■ **Task objective**
Taking the data below, please print only the lines from the line holding "A white and" to the line holding "Symetra Tour announces", inclusive, with pictures omitted.

■ **Data shown**
--

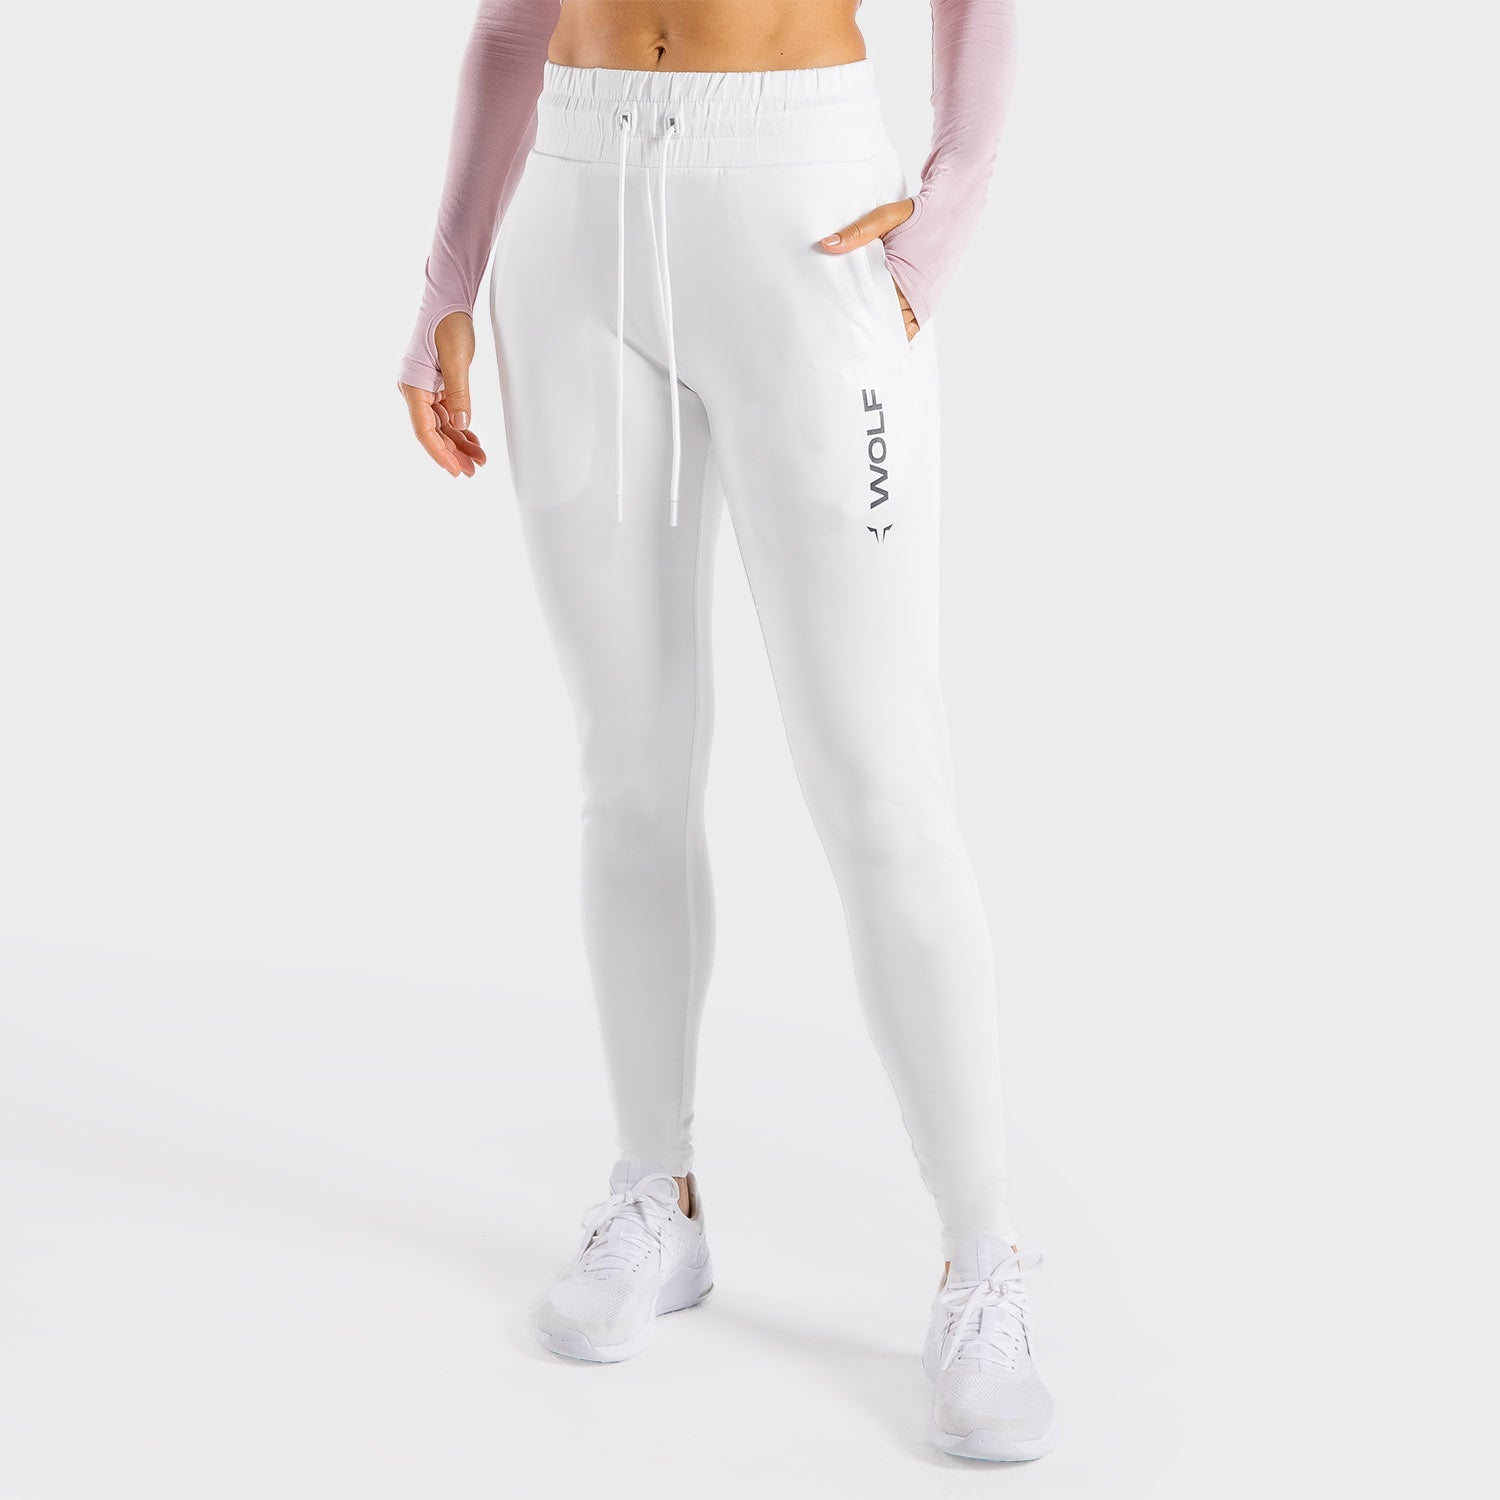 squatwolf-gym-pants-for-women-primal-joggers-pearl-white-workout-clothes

--

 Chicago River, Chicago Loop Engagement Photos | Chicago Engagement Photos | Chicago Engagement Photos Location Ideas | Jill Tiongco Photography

--

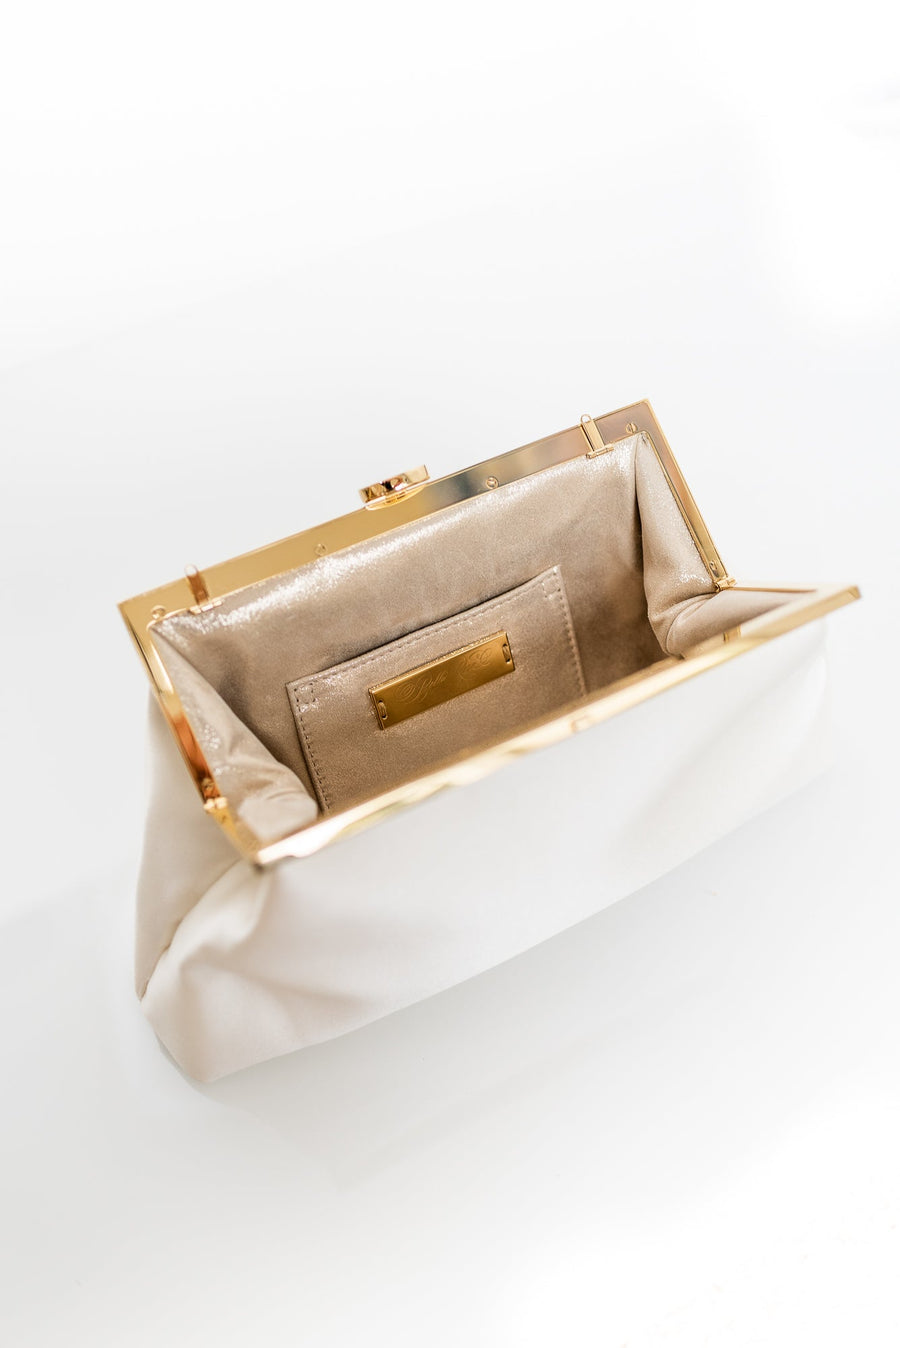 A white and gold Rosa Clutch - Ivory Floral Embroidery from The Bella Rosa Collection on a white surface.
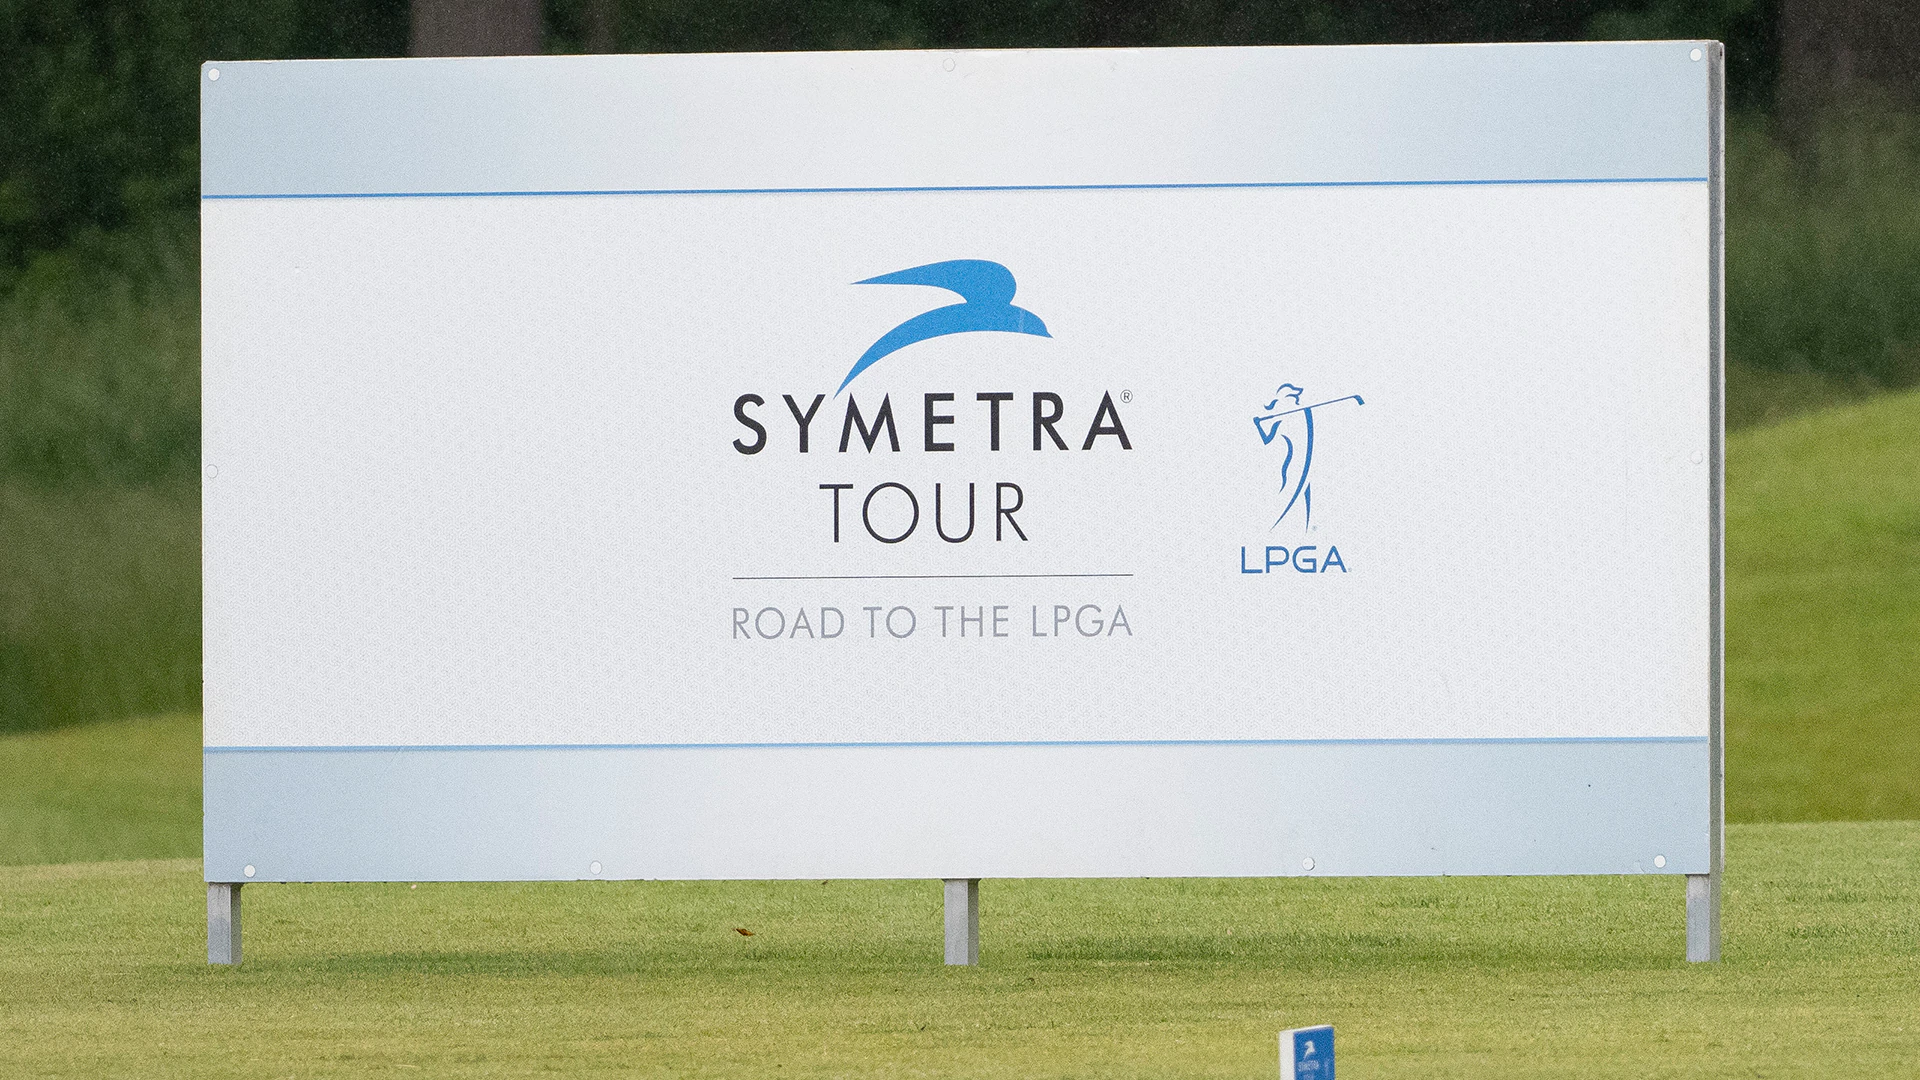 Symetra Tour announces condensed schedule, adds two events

--

■ **Answer to this problem**
 A white and gold Rosa Clutch - Ivory Floral Embroidery from The Bella Rosa Collection on a white surface.
 Symetra Tour announces condensed schedule, adds two events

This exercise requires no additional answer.